Примерное время чтения: 8 минут
87

ПЕРВЫЕ ЛИЦА. Незнакомая Фурцева

Я никогда не был близким другом или приятелем Фурцевой. Но в 1974 г., когда она внезапно ушла из жизни, счел нужным проводить ее в последний путь. В тот момент по Москве гуляли разные слухи о причине ее смерти. Но меня интересовали не слухи, а она сама. Я был благодарен Екатерине Алексеевне за многое и во время прощания понял, что в своих чувствах был не одинок.

ОКАЗАЛОСЬ, что у Фурцевой после смерти обнаружились немалые заслуги. Она поддерживала, когда, конечно, могла, молодой "Современник", "Таганку", БДТ, некоторых талантливых художников, драматургов, композиторов. Это давалось ей нелегко, ибо специальными знаниями в области культуры министр культуры, к сожалению, не обладала, а в качестве зрителя с юности из всех искусств отдавала предпочтение оперетте. Но как человек от природы безусловно талантливый, решительный, любящий риск и в то же время достаточно расчетливый, Фурцева спустя несколько лет, по-моему, интуитивно осознала, что искусство все же творят не чиновники, а художники. И где могла, старалась им помочь. Разумеется, если такая помощь не была слишком опасна для ее собственного благополучия.

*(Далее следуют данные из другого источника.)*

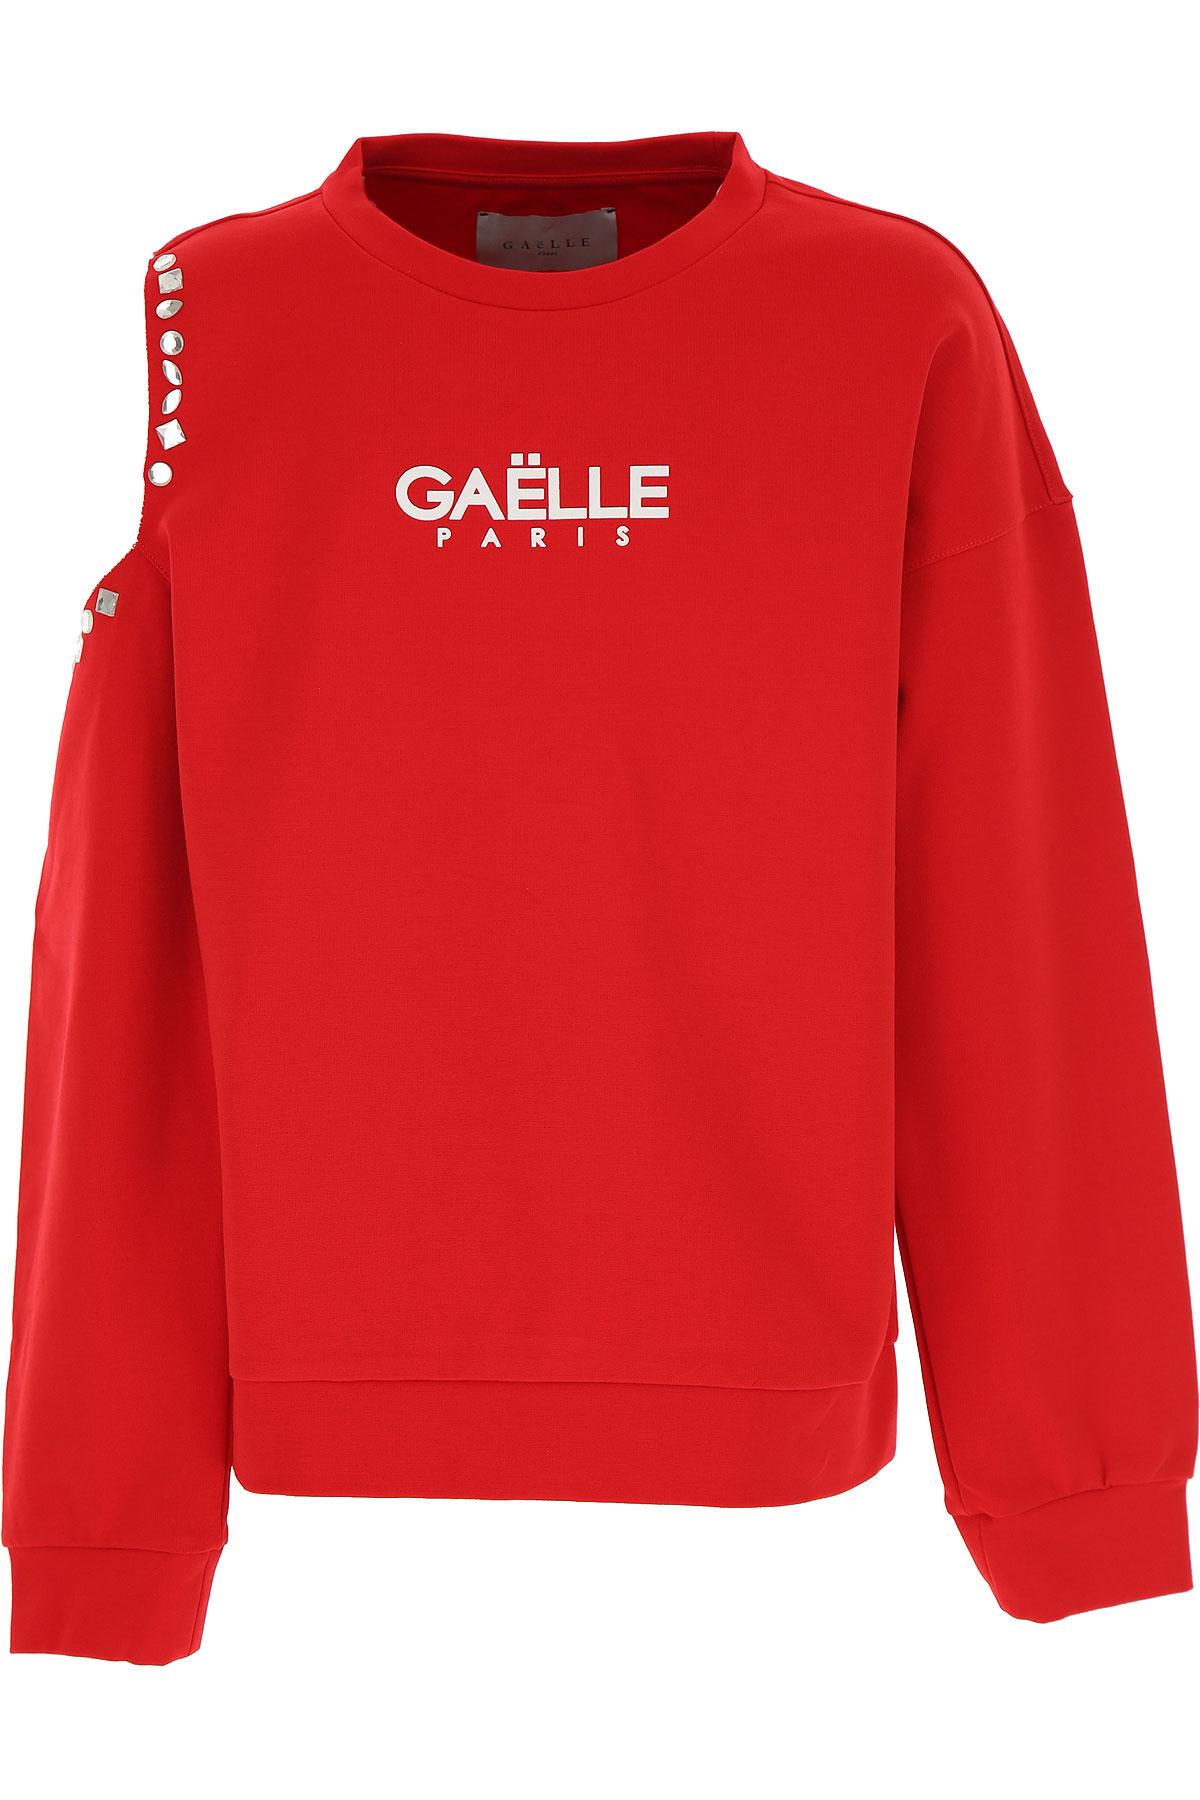 Gaelle Kids Sweatshirts & Hoodies for Girls On Sale, Red, Viscose, 2019, 10Y 12Y 14Y

Да, она не была ангелом. Больше того, если кого-то невзлюбит, тут уж никто и ничто не поможет. Вот не захотела, к примеру, дать звание народной артистки СССР Серафиме Германовне Бирман, и все! Уж как ее об этом молили Завадский, Марецкая и Плятт, к которым она вообще-то благоволила, но в данном случае - никакого впечатления!

СЕЙЧАС почти все, вспоминающие о Екатерине Алексеевне, по понятным причинам подчеркивают, что она когда-то была ткачихой. Но ведь и Станиславский, к примеру, был фабрикантом и имел самое непосредственное отношение к ткачеству. А Шаляпину и Горькому доводилось ходить в бурлаках. Что с того?

Я хочу рассказать об эпизодах, которые знаю не с чужих слов. И пусть читатель судит обо всем самостоятельно.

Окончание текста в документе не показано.